Dans les oeuvres présentées ici, la question du corps est omniprésente. Qu'il soit figuratif, abstrait, absent, abîmé, mutilé, morcelé, transformé, détourné, prolongé, objectisé, embryonnaire, hybride, le corps devient à la fois support, contenant et contenu. L'installation Armuratou, composée de sculptures-reliefs, nous renvoie au monde médical, ou au corps en mutation. Extension du corps, ces prothèses, objets surréalistes révèlent le corps dans sa multiplicité et dans son hybridation. Tous à l'échelle un, la plupart peuvent être portés et sont fonctionnels...fonctionnalité décalée. Harnais à clous, Machine à vue, Casque-pompe, Buste-tétines...à première vue effrayant par l'utilisation des bandes de métal et des rivets qui renvoie aux objets de torture, mais tellement poétiques par le détournement et l'assemblage des matériaux : pampilles, sac à main, bonnet de douche, plumes... qui contrebalancent la rigidité et la froideur du métal. Nous percevons réellement la jubilation de l'artiste à inventer de telles protubérances et extensions corporelles, un amusement partagé.
Par la manière et la technique dont ces sculptures-reliefs sont réalisées et assemblées, nous percevons au delà deux éléments constitutifs de l'oeuvre de Sophie Menuet : réseau / trame / couture et dedans-dehors / passage ; que nous retrouvons dans l'ensemble de ses oeuvres depuis des années, un fil rouge qui lie et déploie son travail dans toute la diversité des médiums utilisés : dessins, vidéo, sculptures, photographies.
Texte de Caroline Clément, in La nuit ouverte catalogue de l'exposition, La POPARTs - Centre d'art contemporain intercommunal, 2015
Sophie Menuet développe une oeuvre d'une insolente étrangeté...

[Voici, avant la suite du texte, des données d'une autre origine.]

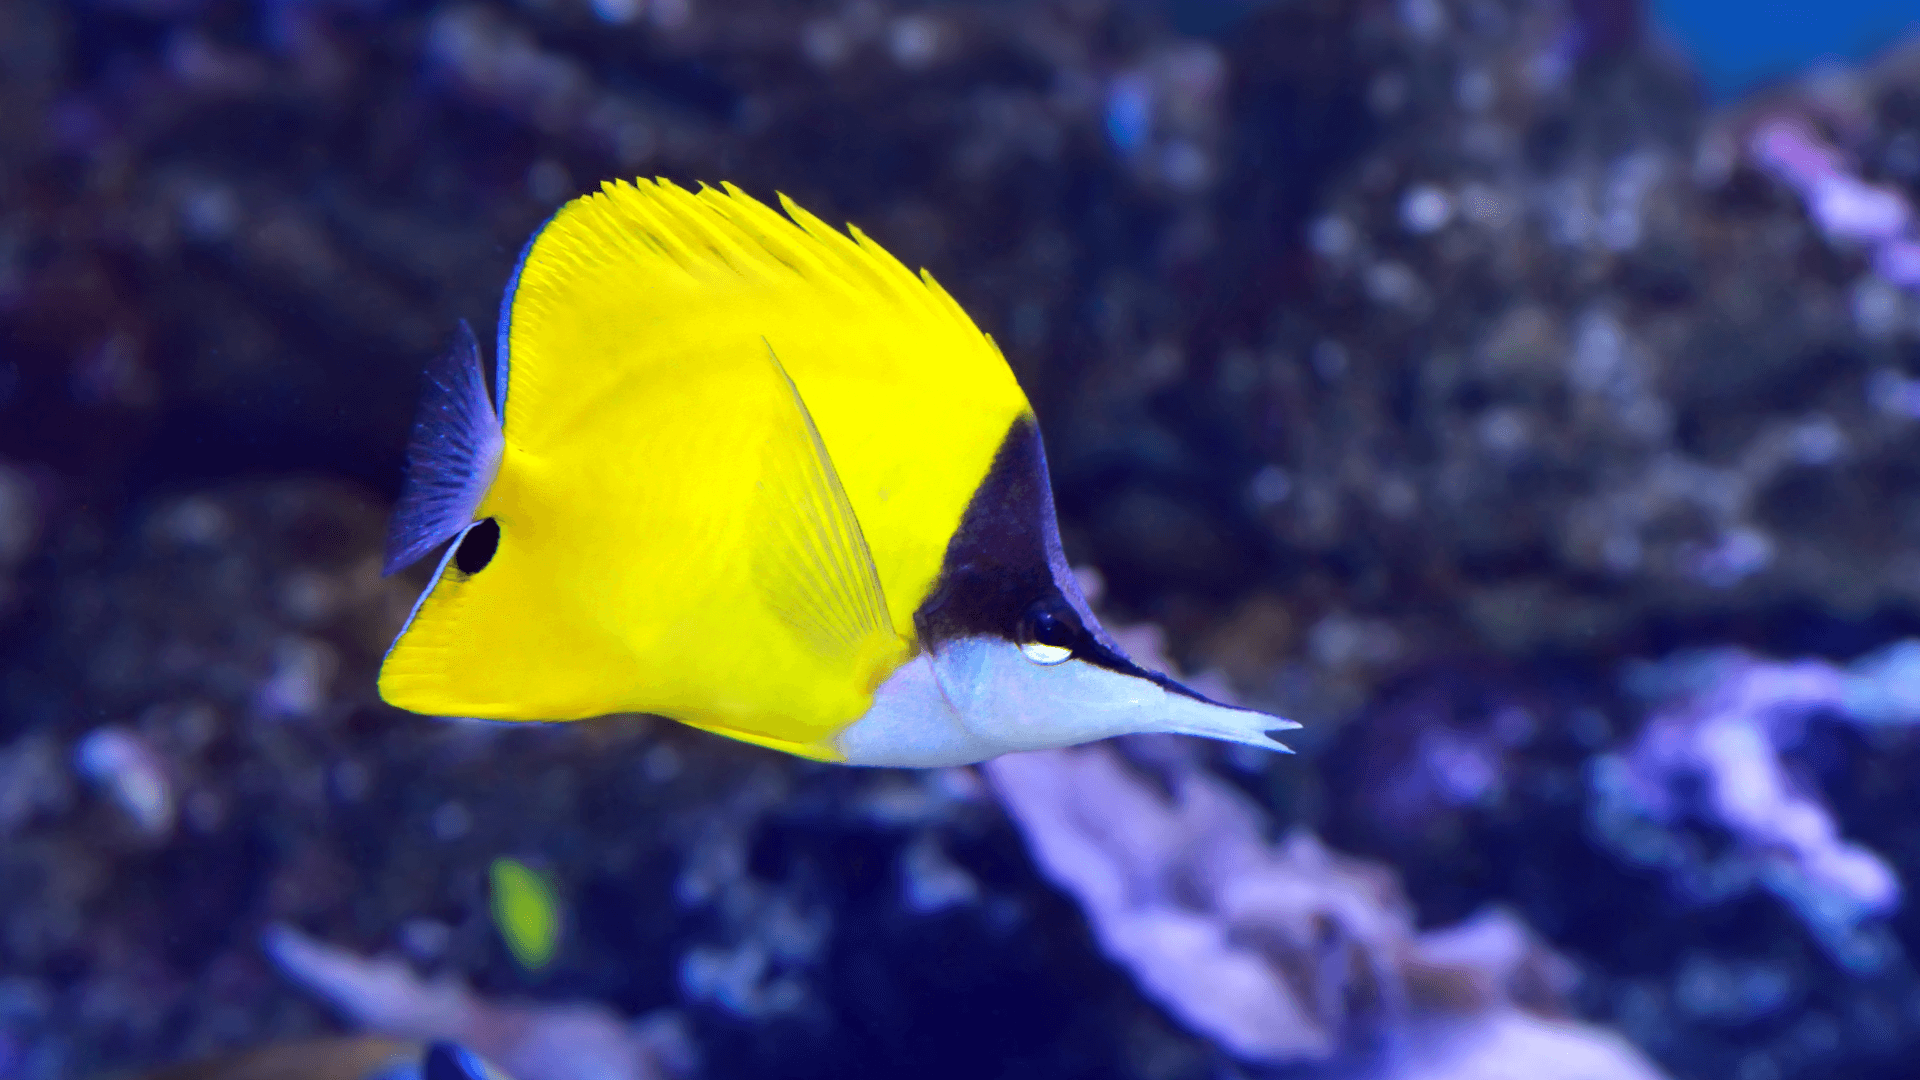 A photo of Butterflyfish

Elle introduit dans le monde de nos perceptions visuelles de nouvelles espèces, qui sont autant d'extensions du genre humain : mutants, avatars, ou démiurges ? Dans ses réalisations/transgressions, le corps et le visage apparaissent comme des formes anatomiques vouées à la défiguration, et à l'hybridation. Les diverses pièces, photographies, et objets présentés, à la fois mystérieux et familiers, possèdent une dimension auto biographique qui accentue un sentiment d'inquiétude, ce que Freud appelle: l'Unheimlichkeit...Ils interrogent le « moi », l'autre et au-delà. Ils engendrent ainsi des fictions souterraines, et des images mentales fantasmagoriques dérivant dans une sorte d'entre-deux.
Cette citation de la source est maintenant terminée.